Date:
Thu, 05/19/2022 - 5:30pm - 6:30pm
Location:
CCRMA Classroom [Knoll 217]
Abstract: Transformers have touched many fields of research and music/audio is no different. This talk will present 3 of my papers as case studies on how we can leverage the power of Transformers in representation learning, signal processing, and clustering. First, we discuss how we're able to beat the wildly popular WaveNet architecture, proposed by Google-DeepMind for raw audio synthesis. We also show how we overcame the quadratic constraint of the Transformers by conditioning on context. Secondly, a version of Audio Transformers for large-scale audio understanding, inspired by viT, operating on raw waveforms, is presented. It combines powerful ideas from traditional signal processing, specifically wavelets, on intermediate transformer embeddings to produce state-of-the-art results. Investigating the front-end to see why it does so well, we show that it learns an auditory filter-bank having a time-frequency representation optimized for the task. For the third part, the power of operating on latent-space encodings, and language modeling on continuous audio signals using discrete tokens will be discussed. This will describe how simple unsupervised tasks can give us strong competitive results compared with that of end-to-end supervision. We give an overview of some recent trends in the field, and papers by Google, OpenAI, etc., about current “fashion trends”. It will be fun too! Finally, as time permits, we will discuss our advances in packet-loss concealment for network music performance, and touch upon the power of approaches based purely on representation learning, without any modern neural nets, and building learning-systems of that nature.

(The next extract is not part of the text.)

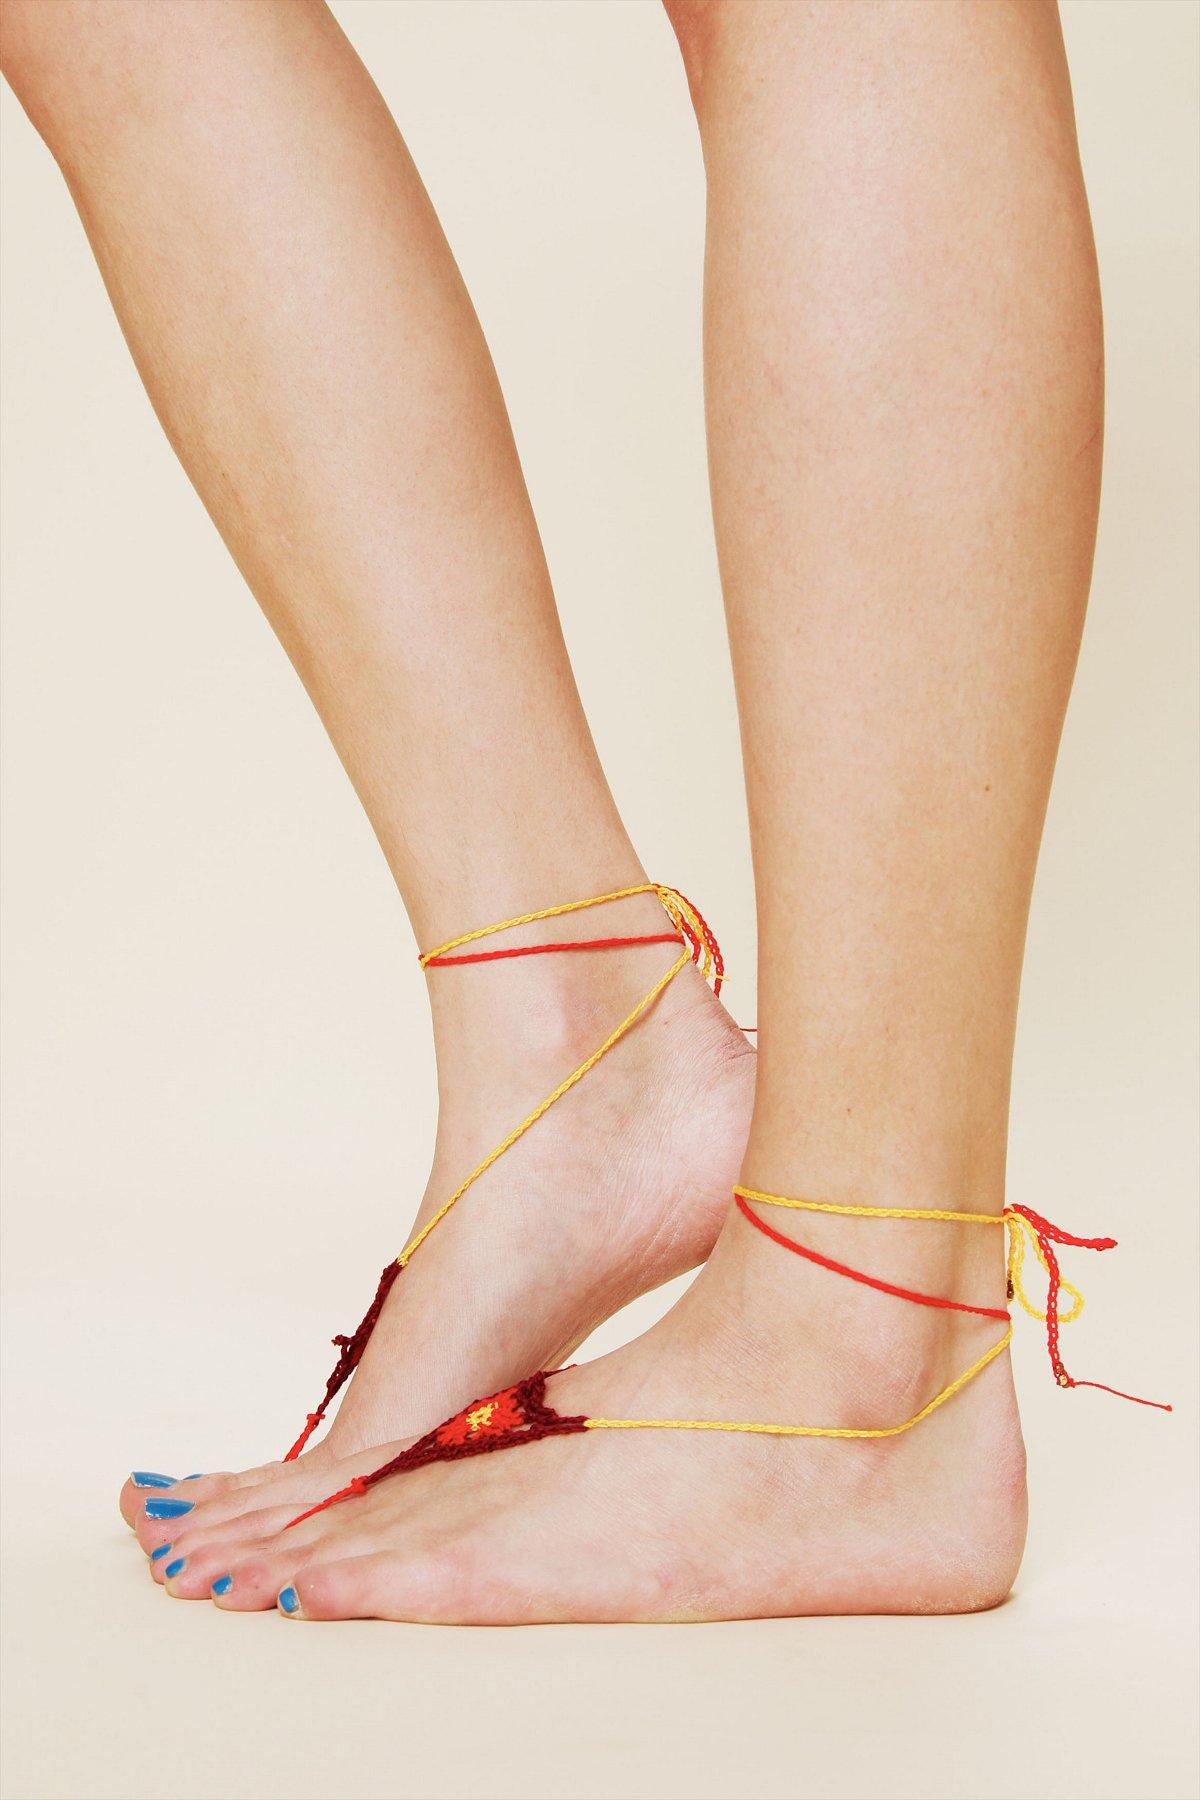 Small Barefoot Footsie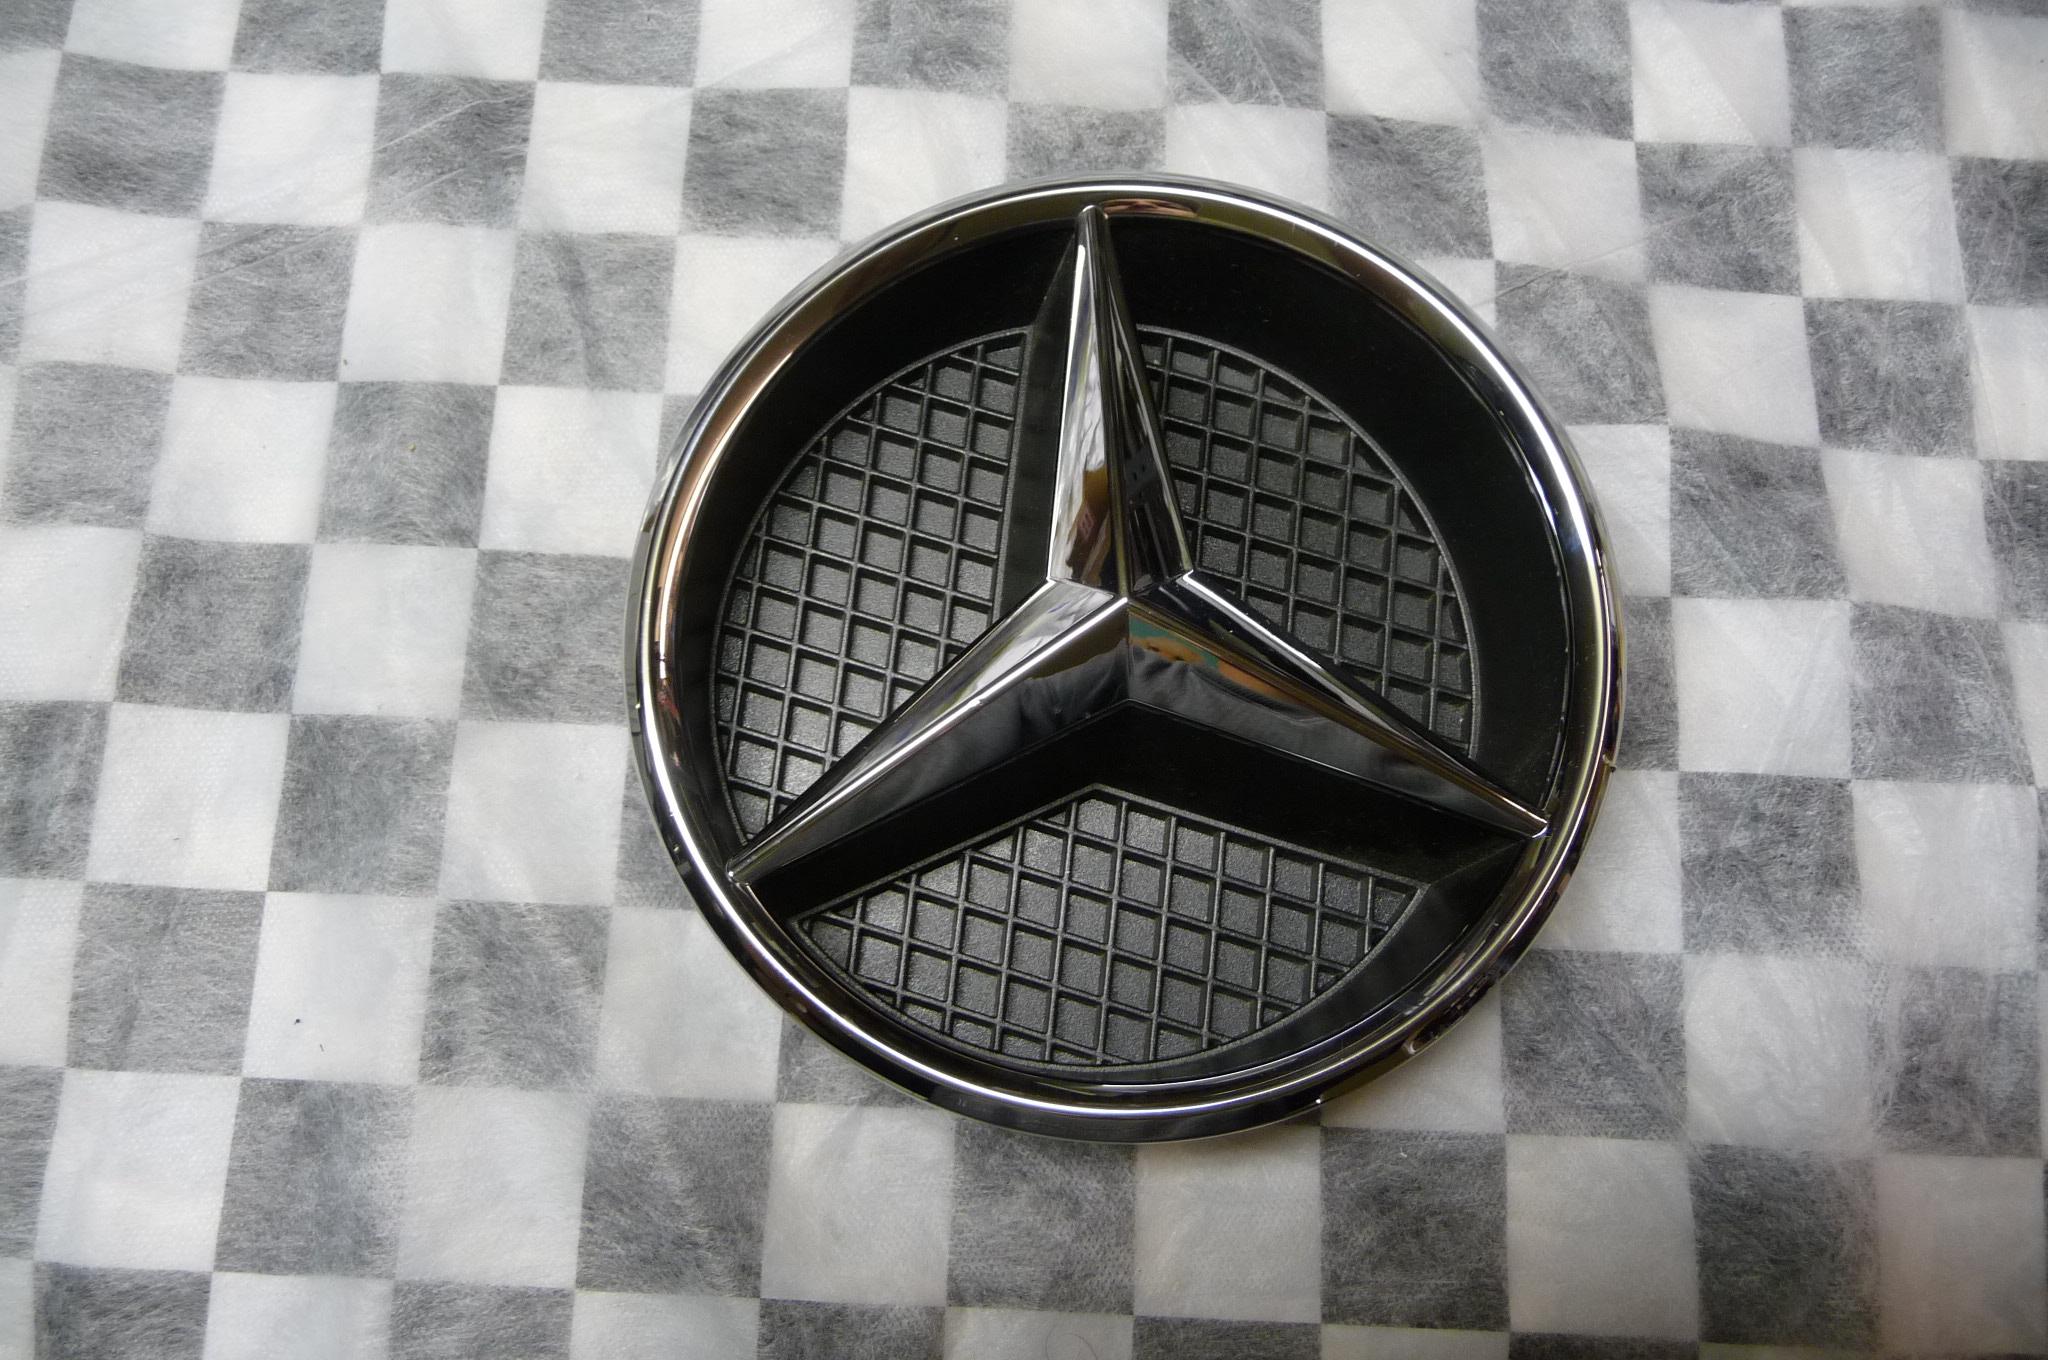 Mercedes Benz C CLA GL ML R Class Front Grille Star Emblem A0008880060 OEM

This talk was originally given for CS 25 in the Fall of 2021 at Stanford University.
This work was done in collaboration with Prof. Chris Chafe, Prof. Jonathan Berger, and Prof. Julius Smith, all at the Center for Computer Research in Music and Acoustics at Stanford University. Thanks to Stanford’s Institute for Human-Centered AI (HAI) for supporting this work with a generous Google cloud computing grant.
Bio: Prateek Verma is currently working on audio research at Stanford’s Center for Computer Research in Music and Acoustics (CCRMA) collaborating with Prof. Chris Chafe and Prof. Jonathan Berger. He got his masters degree from Stanford CCRMA, and before that, he was at IIT Bombay.